Begin at the first line below and copy each line exactly, ending with the line where "Neuer Weg (NW), Organ" appears.

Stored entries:
•••••
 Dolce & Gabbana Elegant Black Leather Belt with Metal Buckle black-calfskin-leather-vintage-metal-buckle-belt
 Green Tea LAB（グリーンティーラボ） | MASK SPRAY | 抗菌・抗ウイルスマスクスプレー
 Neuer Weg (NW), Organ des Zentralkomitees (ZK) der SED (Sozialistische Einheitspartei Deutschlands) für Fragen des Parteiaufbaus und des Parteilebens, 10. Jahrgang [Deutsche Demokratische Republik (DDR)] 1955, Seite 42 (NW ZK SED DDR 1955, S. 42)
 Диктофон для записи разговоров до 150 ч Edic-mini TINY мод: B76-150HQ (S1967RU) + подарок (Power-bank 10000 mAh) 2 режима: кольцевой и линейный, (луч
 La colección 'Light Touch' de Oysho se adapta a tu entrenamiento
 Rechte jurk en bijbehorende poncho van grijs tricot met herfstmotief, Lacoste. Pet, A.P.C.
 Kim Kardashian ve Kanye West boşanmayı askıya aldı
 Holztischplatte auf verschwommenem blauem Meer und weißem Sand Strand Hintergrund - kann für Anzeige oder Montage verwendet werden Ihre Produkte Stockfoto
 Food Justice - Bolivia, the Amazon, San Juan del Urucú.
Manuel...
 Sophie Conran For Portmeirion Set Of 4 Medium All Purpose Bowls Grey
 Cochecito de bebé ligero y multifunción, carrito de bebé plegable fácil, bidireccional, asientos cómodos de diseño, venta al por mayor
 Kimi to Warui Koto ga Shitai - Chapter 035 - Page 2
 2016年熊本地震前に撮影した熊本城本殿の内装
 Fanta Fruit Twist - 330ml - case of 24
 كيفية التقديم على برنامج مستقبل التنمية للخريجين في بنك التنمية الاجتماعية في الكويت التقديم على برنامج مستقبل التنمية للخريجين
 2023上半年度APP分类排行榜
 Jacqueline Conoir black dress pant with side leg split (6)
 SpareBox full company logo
•••••
SOLVED EXERCISE —
 Dolce & Gabbana Elegant Black Leather Belt with Metal Buckle black-calfskin-leather-vintage-metal-buckle-belt
 Green Tea LAB（グリーンティーラボ） | MASK SPRAY | 抗菌・抗ウイルスマスクスプレー
 Neuer Weg (NW), Organ des Zentralkomitees (ZK) der SED (Sozialistische Einheitspartei Deutschlands) für Fragen des Parteiaufbaus und des Parteilebens, 10. Jahrgang [Deutsche Demokratische Republik (DDR)] 1955, Seite 42 (NW ZK SED DDR 1955, S. 42)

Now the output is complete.